Их неспособность исключается моментально. Они оба более чем достаточно
сообразительны. Любой мог бы научиться отлаживать мотоцикл за полтора часа, если
бы приложил сюда ум и энергию, а сбереженными деньгами, энергией и отсутствием
всяких задержек им за эти усилия отплатилось бы стократно. И они это
знают. А может, и нет. Трудно сказать. Я никогда не задаю им таких
вопросов. Лучше просто смириться.
Но помню, как-то раз перед баром в Сэвидже, Миннесота, на просто
испепеляющей жаре я чуть было не сорвался.

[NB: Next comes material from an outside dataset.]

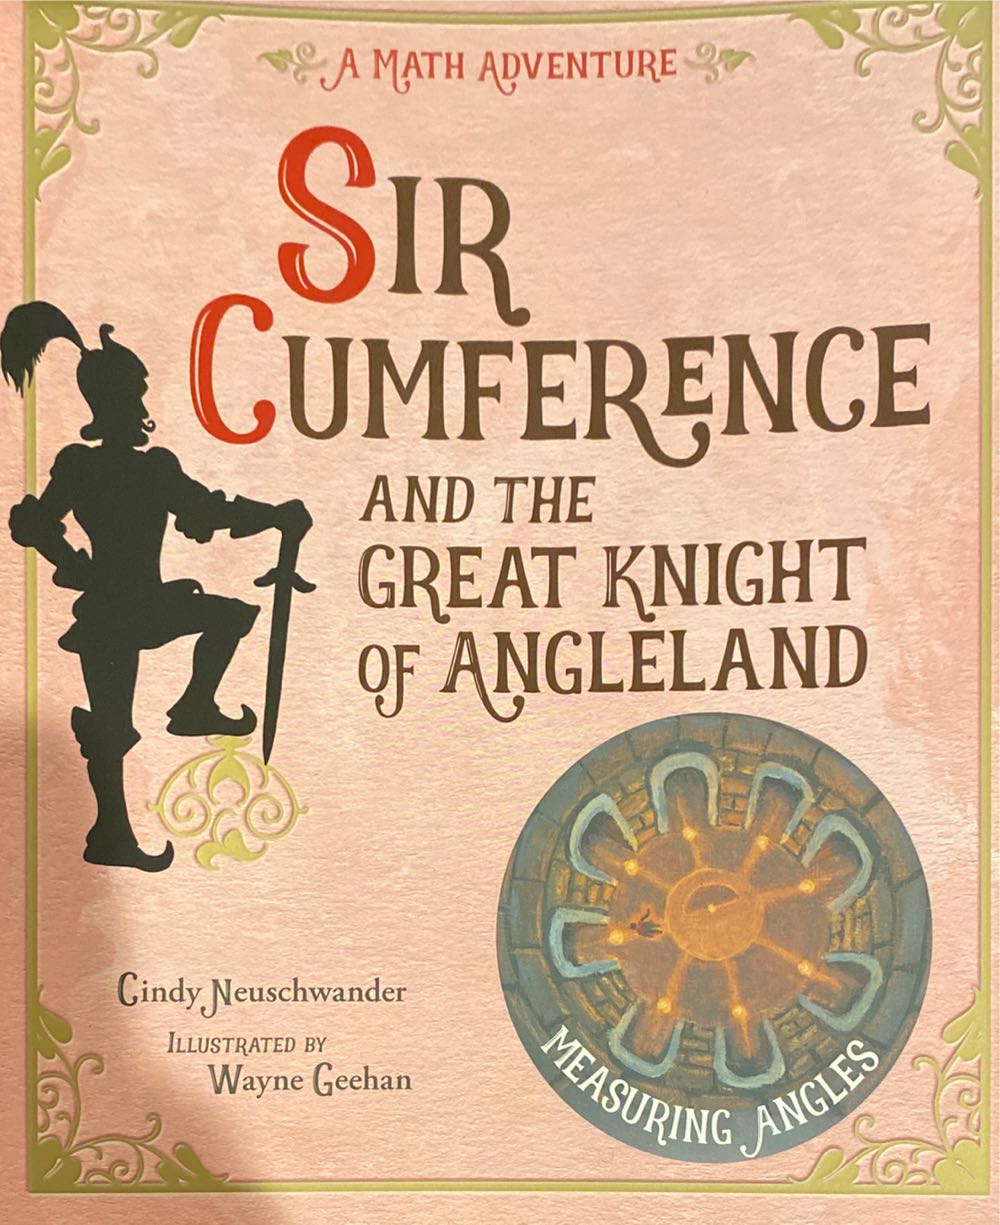 Sir Cumference And The Great Knight Of Angleland - Cindy Neuschwander (Scholastic Inc. - Paperback) book collectible [Barcode 9781570911699] - Main Image 2

Мы просидели там где-то около часа, а
когда вышли, машины так раскалились, что на них едва можно было сесть. Я уже
завелся и готов ехать, а Джон еще давит на дрочило. Бензином воняет так, будто
рядом нефтебаза -- я говорю ему об этом, думая, что он и так поймет: перекачал.
-- Да, я тоже чувствую, -- отвечает он и продолжает качать. Все качает,
качает, качает и качает, я уже не знаю, как еще ему сказать. Наконец, сам
заводится уже по-настоящему, по лицу катится пот, сил жать на педаль больше нет,
поэтому я предлагаю ему вытащить свечи и просушить их, проветрить цилиндры, а мы
пока сходим и возьмем еще по пивку.
О, Бог ты мой, нет! Он не хочет влазить во все это.
-- Во что -- «в это»?
-- Ну, доставать инструменты там и все такое... Чего ради ему не заводиться?
Совершенно новая машина, а я все делаю по инструкциям. Смотри -- подсосо на
полную, как говорится.
-- Подсос на полную?
-- Так в инструкции написано.
-- Так то ж когда холодно!
-- Но мы же там всего каких-то полчаса просидели, -- недоумевает он.
Ну, это меня совсем...
-- Сегодня жарко, Джон, -- говорю я. -- А им надо остывать дольше даже в
мороз.
Он чешет голову:
-- А почему тогда об этом в инструкции не пишут?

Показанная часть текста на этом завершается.